The state of the sovereign CDS market today could only be described as one of capitulation. Records for spreads have been broken with regularity in recent days but today they were shattered. This was encapsulated by the Markit iTraxx SovX Western Europe index, which widened by 14.5bp to hit 240bp this morning. Less than two weeks ago it was trading at 186bp, a move of more than 50bp. Unsurprisingly, the turmoil in the sovereign market had a direct impact on the broader credit markets, with the Markit iTraxx Europe widening 6bp to 116bp, its widest level since November 2010.

And, of course, spreads in the peripherals continued to widen into unchartered territory. Greece (1,900bp, +174) went even further into the stratosphere, its spreads touching almost 2,000bp. The disunity within the EU corridors of power, as well as the political and social upheaval in Greece, has shaken the markets. Investors have been alarmed that the two factions – Germany and its allies on one side, France and the ECB on the other – have been unable to reconcile their differences. But news emerging this afternoon suggests they will be given more time. The FT reported that the EU had reached a deal with the IMF that will see the disbursement of the next EUR12 billion to Greece without an agreement on a new bailout. Previously the IMF had insisted that a bailout agreement was a necessary condition for its cooperation. The news helped spreads recover some ground in the afternoon.

But the recovery was modest, and a closer look at the reported terms of the deal revealed why. EU Commissioner Olli Rehn made it quite clear that the disbursement would not happen if the Greek parliament did not pass new austerity measures agreed by the government last month. Familiarity with the current Greek political situation will show that this is far from a foregone conclusion. The Greek prime minister George Papandreou is fighting for his political life after he failed to forge a government of national unity yesterday. Several senior members of his cabinet have resigned and Papandreou is now facing a no confidence vote. This political instability is heaping even more pressure on Greece from the capital markets, making further spread volatility all but inevitable.

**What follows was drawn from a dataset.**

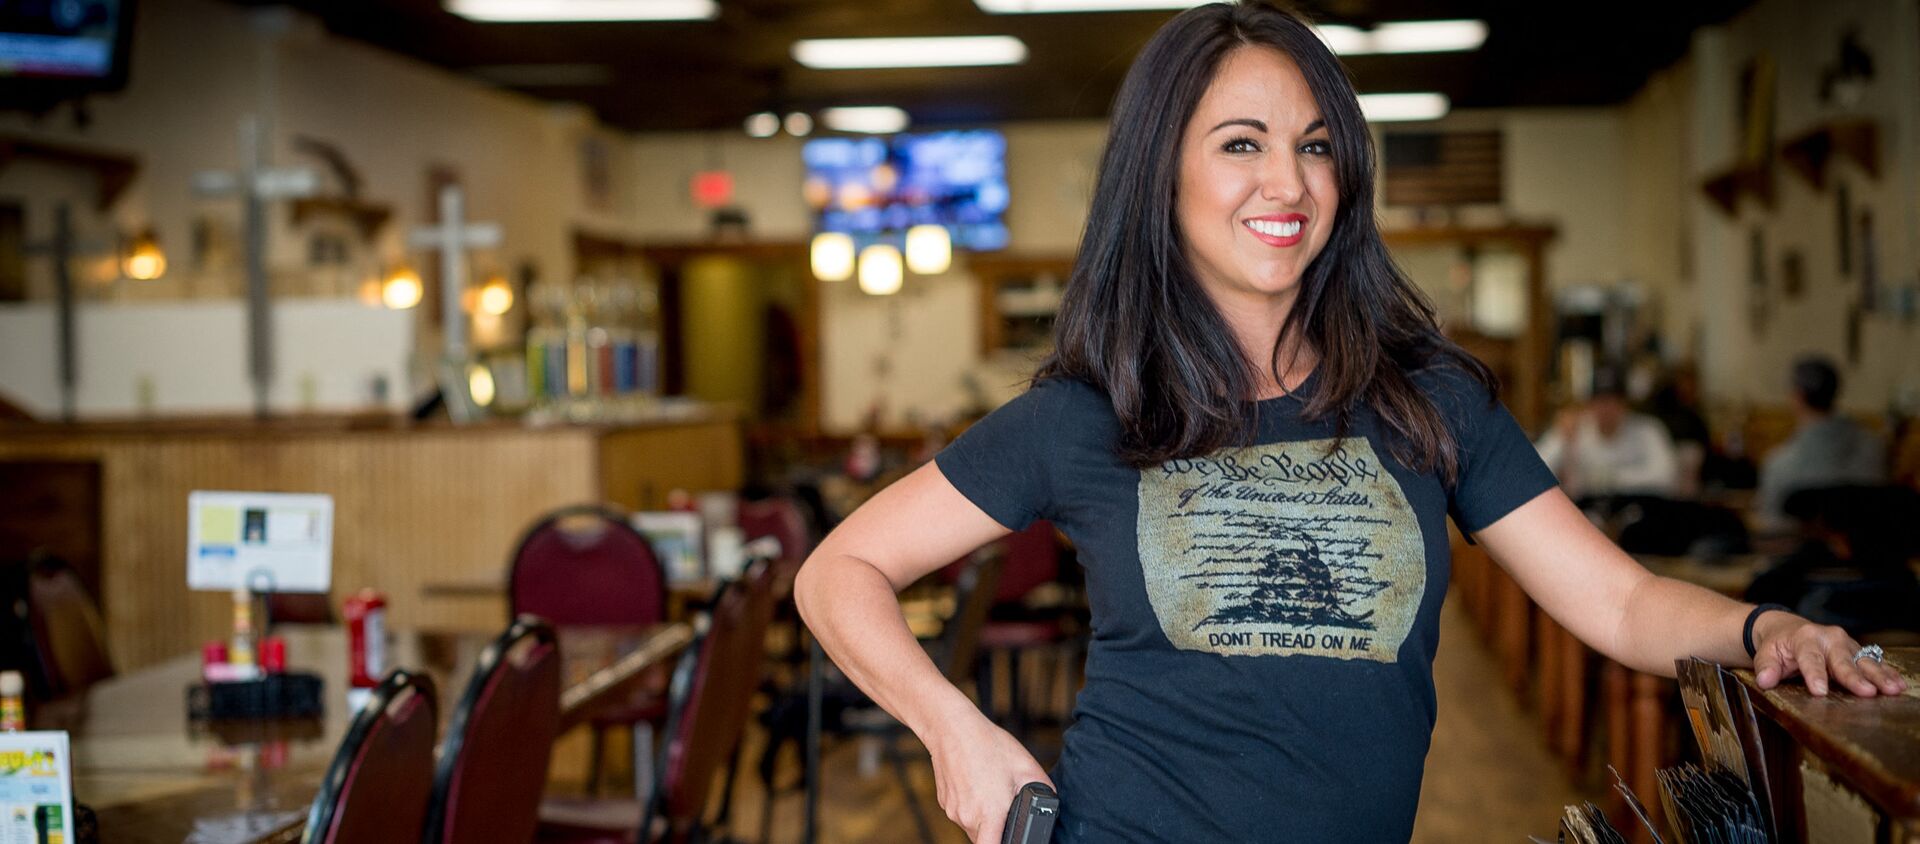 In this file photo owner Lauren Boebert poses for a portrait at Shooters Grill in Rifle, Colorado on April 24, 2018. - A Republican member of the US Congress raised eyebrows on February 18, 2021 when she appeared at a Zoom committee meeting with an arsenal of guns strategically displayed in her background. - Sputnik International, 1920, 19.02.2021

Portugal (810, +21) and Ireland (805bp, +34), the two countries viewed as the next most vulnerable by the markets, also widened sharply. That is now an established pattern given both sovereigns’ reliance on external agencies for funding. But Spain (300bp, +13) saw its spreads widen to over 300bp for the first time since January this year. The Iberian country is widely perceived to have decoupled from the other peripherals, and its spread performance reflects this. However, the plight of Greece and the panic in the sovereign market has brought the risk of contagion to the fore again. This is the real risk that the market fears, and the Spanish CDS is a good a gauge as any of this fear. Investors know that a Spanish bailout would be of a different order altogether to those that have passed thus far. Weak demand for Spain’s bond auction today suggests that the decoupling theory has its doubters.

The recent volatility in the sovereign market has resulted in liquidity being concentrated in the index, i.e. the Markit SovX WE. Volumes were almost twice the monthly average yesterday and its is likely that they are high today. A large positive skew has opened in recent days, again indicative of participants preferring the liquidity of the index to the patchy single names.